They portray working in cybersecurity as a career in the shadows, a field made up of secretive techies who toil through the night, fueled by Mountain Dew, relentlessly defending our networks from attacks and intrusions. 

An online search for “cybersecurity jobs” returns job postings seeking candidates who possess an alphabet soup of certifications, “ninjas” who like to “work hard and play hard,” and militaristic calls for "cyberwarriors."

These ads are certainly attention-grabbing. But ultimately, this one-dimensional portrayal is problematic, because they are only tailored to half the population: men.
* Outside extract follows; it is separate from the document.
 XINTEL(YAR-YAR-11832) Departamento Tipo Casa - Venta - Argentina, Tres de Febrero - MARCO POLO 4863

We’re facing a severe cybersecurity staffing shortfall (one study predicts a gap of 1.5 million workers globally by 2020). Yet women comprise just 10 percent of the worldwide information security workforce. While there are myriad programs designed to attract more women into the field, from educational initiatives to revamped human resources strategies, few are tackling a more foundational issue: cybersecurity has an image problem.
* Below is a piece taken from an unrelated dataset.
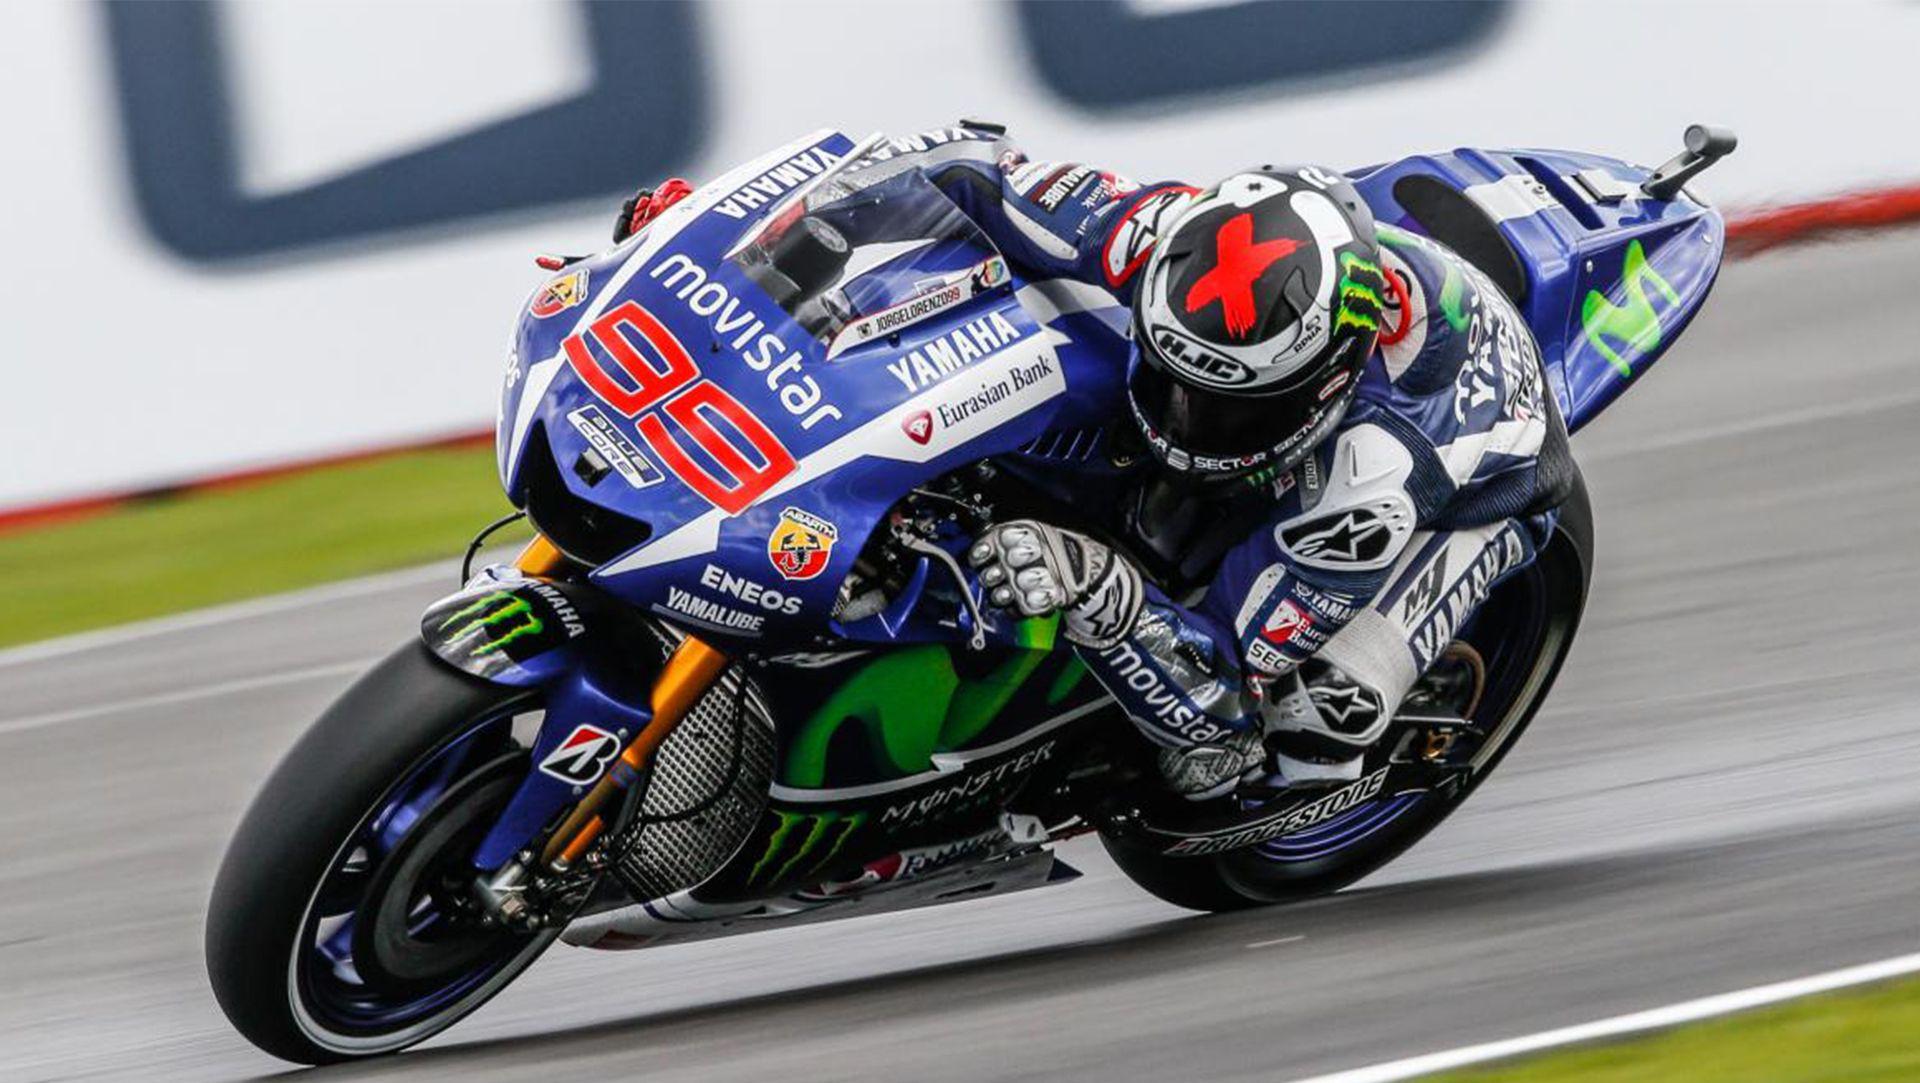 Jorge Lorenzo ready to fight at the Gran Premio TIM di San Marino e della Riviera di Rimini after a tough British GP.Rain at Silverstone ended Jorge L...

If that doesn't change, there are serious implications for us all. We need more people working in cybersecurity, full stop. If we are failing to recruit women, we are failing to recruit people who could contribute to this field and help narrow the staffing gap – which is critical not only to stopping the onslaught of breaches, but also to the effort to ensure broader international security in cyberspace and beyond.
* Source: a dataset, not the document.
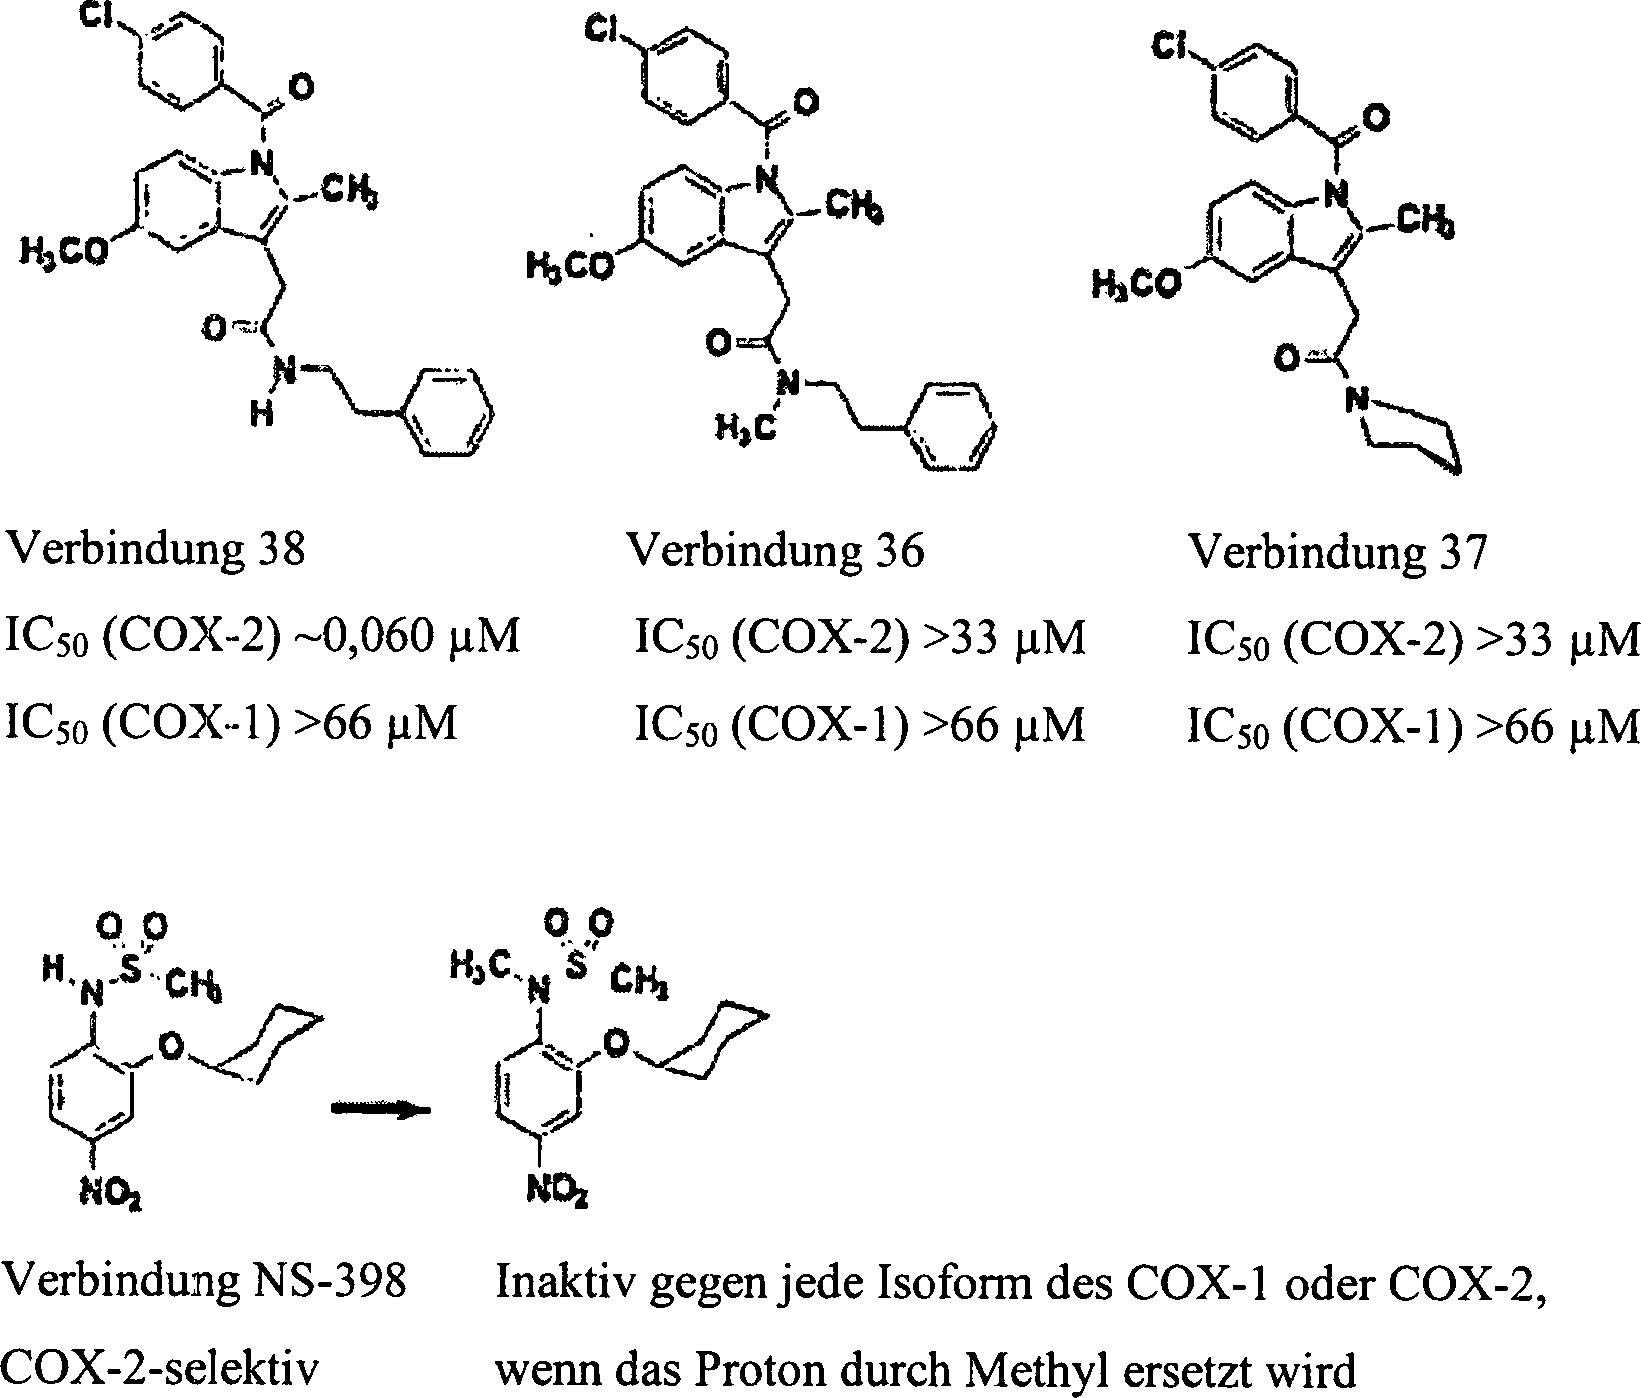 DE10254785A1 - Kombination ausgewählter Analgetika mit COX II-Inhibitoren - Google Patents

Cybersecurity: What’s in a name?

“You can’t be what you can’t see,”  the saying goes. It's an adage that reflects the importance of imagery and visible role models to reflect the range of women’s potential roles (or lack thereof) in fields where there are gender disparities.  The words and images we use to describe a career field matter, because they send implicit messages about what is acceptable in a given profession. This is particularly true when it comes to cybersecurity-related imagery. Stereotypes are reinforced constantly in the media, most often as male white hackers donning hoodies, working through all hours of the night, with a penchant for poor dietary choices and science fiction.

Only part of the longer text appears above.